Aligning process quality and efficiency in agricultural soil tillage

Kombination von Prozessqualität und Effizienz in der landwirtschaftlichen Bodenbearbeitung
  • Benjamin Kazenwadel

    M.Sc. Benjamin Kazenwadel received his master's degree in mechanical engineering from Karlsruhe Institute of Technology. In his master's thesis, he already worked on the use of machine learning for energy efficiency optimization in mobile machines. In his research as a research assistant, he continues this work.

    EMAIL logo
    , Simon Becker

    M.Sc. Simon Becker has been working as a research assistant at KIT since 2017. His research topics are the use of machine learning for the control of mobile machines and process sensor technology. In the meantime, he works as a chief engineer while continuing to work on these scientific topics.

    EMAIL logo
    , Marina Graf

    M.Sc. Marina Graf graduated from KIT in 2021 with a degree in mechanical engineering. She focused on mechatronics and information technology during her master studies. Her main research topic is process sensor technology in agricultural applications.

    EMAIL logo
    and Marcus Geimer

    Prof. Dr.-Ing. Marcus Geimer leads the Institute of Mobile Machines at KIT since 2005. The main research focus is on automation systems, drive train concepts, hydraulics and simulation. Machine learning methods are investigated to control and automate mobile machines in agricultural and forestal applications.

Abstract

Automation in agricultural machinery is a crucial driver of productivity and sustainability. Some automation features like automated steering and real-time data analytics are already state-of-the-art. On the other hand, a human driver performs the optimization of the working speed manually, and the automation of this is an ongoing challenge. Process quality and process efficiency are the two main targets in this optimization. Agricultural soil tillage requires achieving both. Therefore, the correlation between process quality optimization and process efficiency is fundamental, and vice versa. The approach presented in this paper shows how the two optimization targets of efficiency and process quality can be optimized and aligned together. Optical sensors determine various parameters to describe and model the process quality. The measured machine state determines the characteristics of the interaction forces between the machine and the environment.
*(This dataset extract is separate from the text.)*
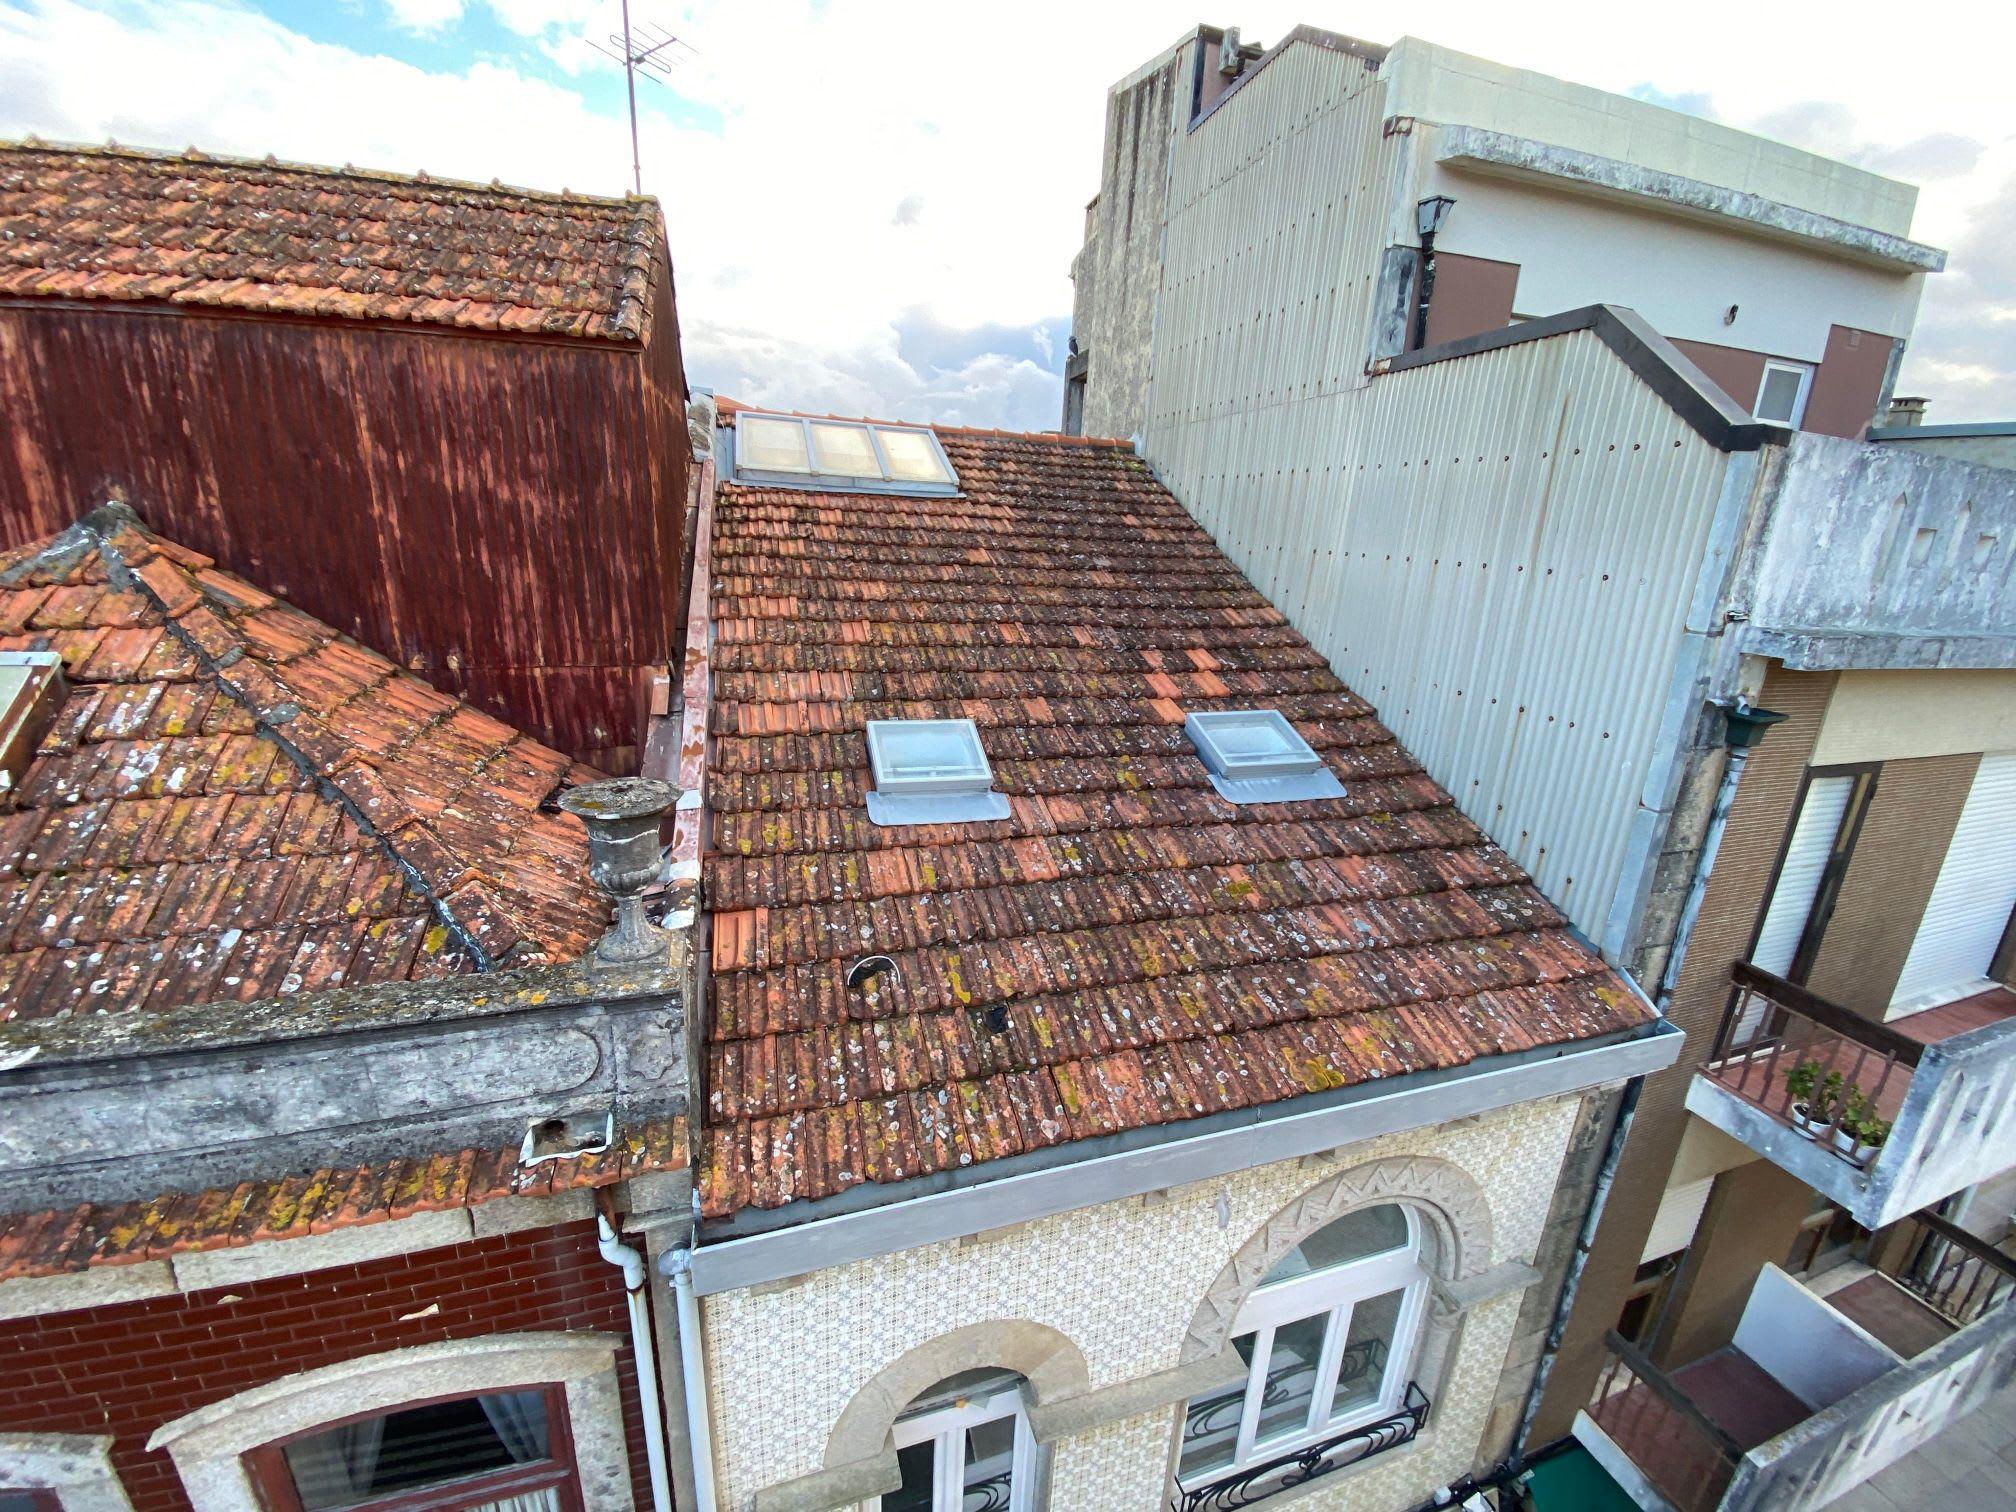 post Limpeza de telhado - ficou como novo image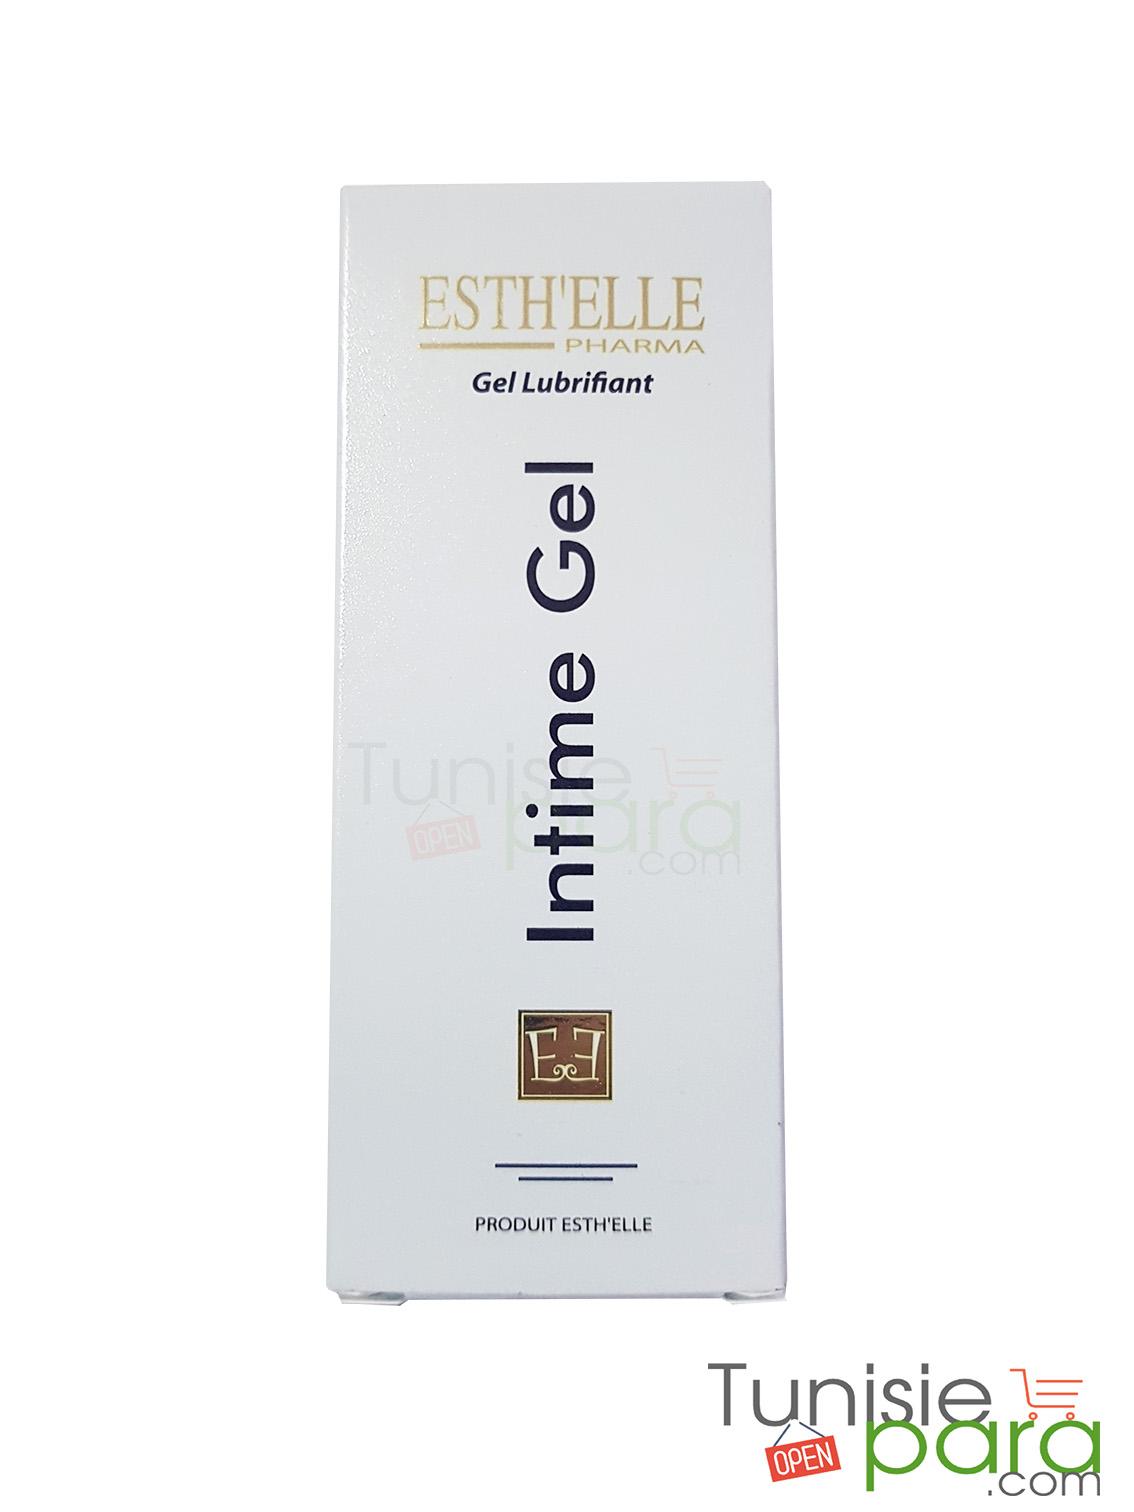 gel lubrifiant tunisie

A machine learning algorithm describes the relationships in the drivetrain. The two process targets are each predicted for different working speeds and are combined in the form of a boundary target and an optimization target to identify one optimized target speed value.

Zusammenfassung

Die Automatisierung von Landmaschinen ist ein entscheidender Faktor für Produktivität und Nachhaltigkeit. Einige Automatisierungsfunktionen wie automatische Lenkung und Datenanalyse in Echtzeit sind bereits Stand der Technik. Gleichzeitig führt ein menschlicher Fahrer die Optimierung der Arbeitsgeschwindigkeit weiterhin manuell durch, und die Automatisierung dieses Vorgangs ist bis heute eine Herausforderung. Prozessqualität und Prozesseffizienz sind die beiden Hauptziele bei dieser Optimierung. Bei der landwirtschaftlichen Bodenbearbeitung muss beides zur gleichen Zeit erreicht werden. Daher ist die Korrelation zwischen der Optimierung der Prozessqualität und der Prozesseffizienz von grundlegender Bedeutung und umgekehrt. Der in diesem Beitrag vorgestellte Ansatz zeigt, wie die beiden Optimierungsziele Effizienz und Prozessqualität gemeinsam optimiert und aufeinander abgestimmt werden können. Optische Sensoren ermitteln verschiedene Parameter zur Beschreibung und Modellierung der Prozessqualität. Der gemessene Maschinenzustand bestimmt die Eigenschaften der Wechselwirkungskräfte zwischen Maschine und Umgebung. Ein maschineller Lernalgorithmus beschreibt die Zusammenhänge im Antriebsstrang. Die beiden Prozessziele werden jeweils für unterschiedliche Arbeitsgeschwindigkeiten vorhergesagt und in Form eines Schrankenziels und eines Optimierungsziels zu einem optimierten Sollgeschwindigkeitswert zusammengeführt.


Corresponding authors: Benjamin Kazenwadel, Simon Becker, and Marina Graf, Karlsruhe Institute of Technology (KIT), Institute of Mobile Machines (Mobima), Karlsruhe, Germany, E-mail: (B. Kazenwadel), (S. Becker), (M. Graf)

About the authors

Benjamin Kazenwadel

M.Sc. Benjamin Kazenwadel received his master's degree in mechanical engineering from Karlsruhe Institute of Technology. In his master's thesis, he already worked on the use of machine learning for energy efficiency optimization in mobile machines. In his research as a research assistant, he continues this work.

Simon Becker

M.Sc. Simon Becker has been working as a research assistant at KIT since 2017. His research topics are the use of machine learning for the control of mobile machines and process sensor technology. In the meantime, he works as a chief engineer while continuing to work on these scientific topics.

Marina Graf

M.Sc. Marina Graf graduated from KIT in 2021 with a degree in mechanical engineering. She focused on mechatronics and information technology during her master studies. Her main research topic is process sensor technology in agricultural applications.

Marcus Geimer

Prof. Dr.-Ing. Marcus Geimer leads the Institute of Mobile Machines at KIT since 2005. The main research focus is on automation systems, drive train concepts, hydraulics and simulation. Machine learning methods are investigated to control and automate mobile machines in agricultural and forestal applications.

Acknowledgment

We would like to thank AGCO GmbH for supporting the research project.

  1. Research ethics: Not applicable.

  2. Author contributions: The authors have accepted responsibility for the entire content of this manuscript and approved its submission.

  3. Competing interests: The authors state no conflict of interest.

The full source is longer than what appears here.